There are very few "immortal" species, and that trait has not given those species a huge edge in population growth. Thus the trait did not allow them to outcompete "mortal" species, which means that the blind chance of evolution lead to the "mortal" species being progenitors of most life.
Well not quite, dying is a feature, not a bug.
Being immortal is actually a very bad thing for a species since A) Having dudes that stick around forever hogging resources due to being there first without evolving until something unexpected is bad for future generations, B) Having these immortal dudes plopping out babies generations later is bad since they aren't evolving and its also important to note that C) No matter how "immortal" these dudes are in normal circumstances eventually diseases are going to evolve or the environment will massively change and they won't be able to adapt and them and everyone else within a few "generations" of them are all going to die at once.
So these immortals are all going to die anyways, and probably en-masse when something major changes. Note that this stuff holds true on every level, from the single-cell all the way up to the largest creatures; immortality is simply a bad evolutionary bet.
So if we do manage to get immortality as a species (which is quite possible although humans, like nearly every other living thing is designed to die) the natural equilibrium is going to be thrown even further out of wack then we already threw it. Immortality almost certainly will result in *really* bad stuff for a lot of humans due to how it will throw off resource distribution.
In modern times, if everyone were immortal, I think there'd be a beneficial interaction with capitalism and democracy that'd help prevent some of the pitfalls. Obviously, if everyone lives forever, then shortsightedness would probably be considered the worst sin you could possibly commit. There'd be no "Fuck you got mine" with all these people that flout climate change, because instead of not having to worry about the consequences, you will have to worry because you WILL live to see those consequences kill you.
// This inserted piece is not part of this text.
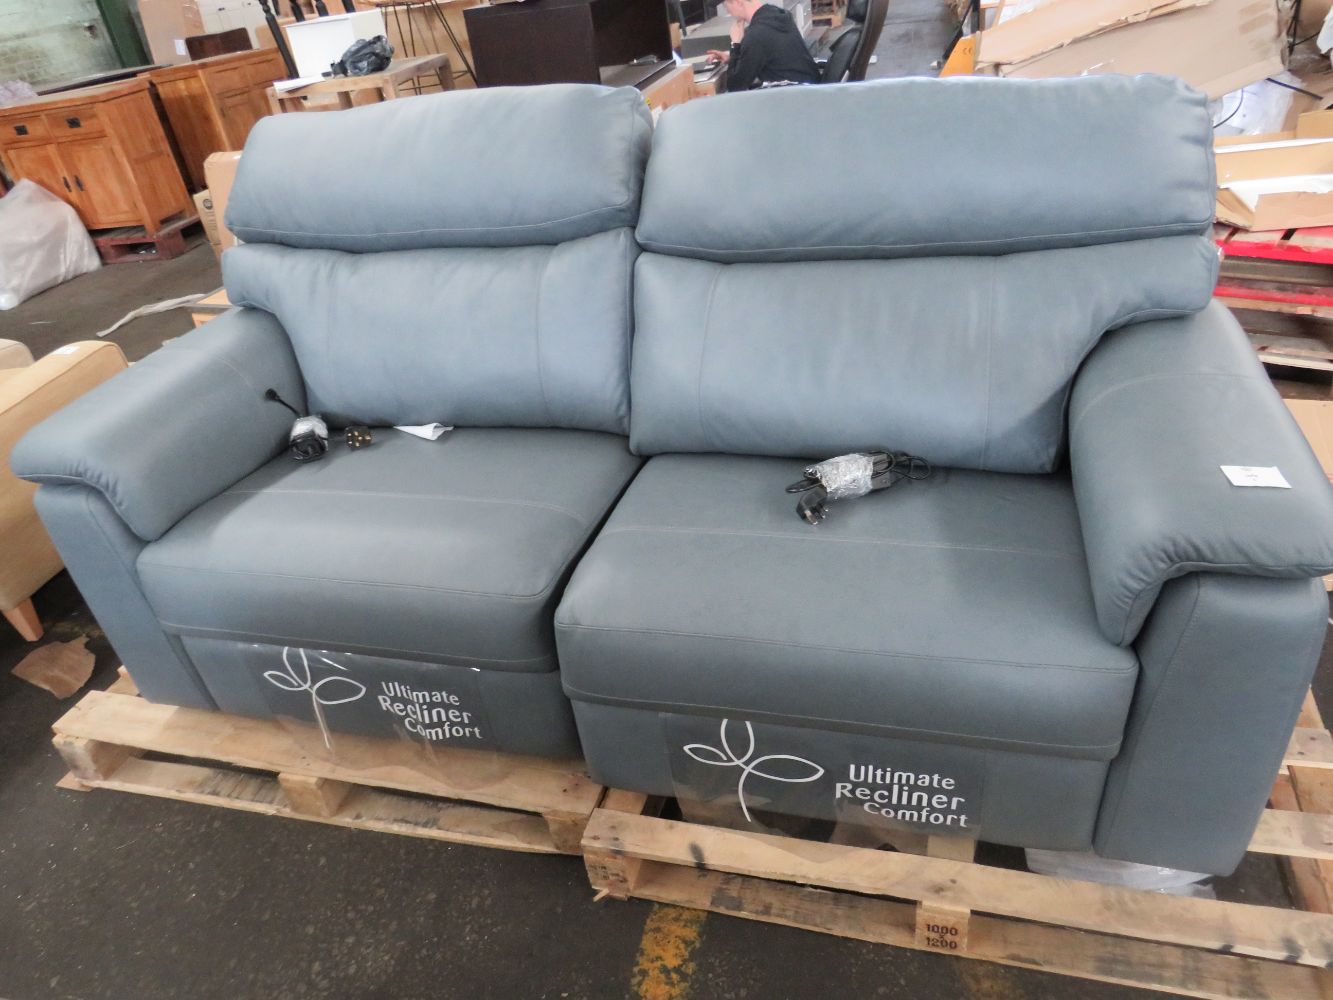 Sofas & Chairs from Swoon, Heals, Oak Furniturland, Costco and more at low prices.

Moreover, there'd be no "Boomer" generation that is disproportionately larger than other generations, because if the way that the Immortality works is that you simply stop aging at some point in your 20's, and from that point on you simply live forever until killed by something, then voting demographics wouldn't have one large group of assholes that are ruining democracy for everyone else by selfishly voting for their own interests to the exclusion of everyone else. Everyone would be voting on the assumption that, hey, we're all going to be around for a while, so let's vote with that in mind.
Moreover, an immortal society wouldn't need to worry about retirement rates or replacement rates, or atleast not nearly as much. People probably wouldn't be thrilled about working at shitty jobs for the rest of eternity, so I can imagine that highly socialist platforms like UBI, worker protections, etc, would be nigh-universally agreed upon.
Marketing in an immortal society would probably get pretty unusual. Most marketing uses age-groups, but in an immortal society that has been around for a while, the majority of the population is going to be very old. So instead of age-groups of like 18-30, 30-50, etc; we'd have age-groups 18-100, 101-300, 301-500, 501-1000, 1000+, and so on.
Though I imagine that immortal biology would have to be optimized for living for very long periods of time. The most major concern would probably be memory capacity: Even if you live forever, that doesn't mean that there's infinite space in your brain to store all your memories. Everything in your brain has to be physically stored with your brain cells, and while a human's memory capacity is enormous, it's still finite. I imagine there'd be an approximate cap to a human's age, where they'd inevitably start to experience anterograde amnesia, where they can't form new long term memories; or start to experience a kind of retrograde amnesia, where old memories are destroyed in order to create new ones, and so the oldest immortals in fact cannot remember the majority of their long long lives.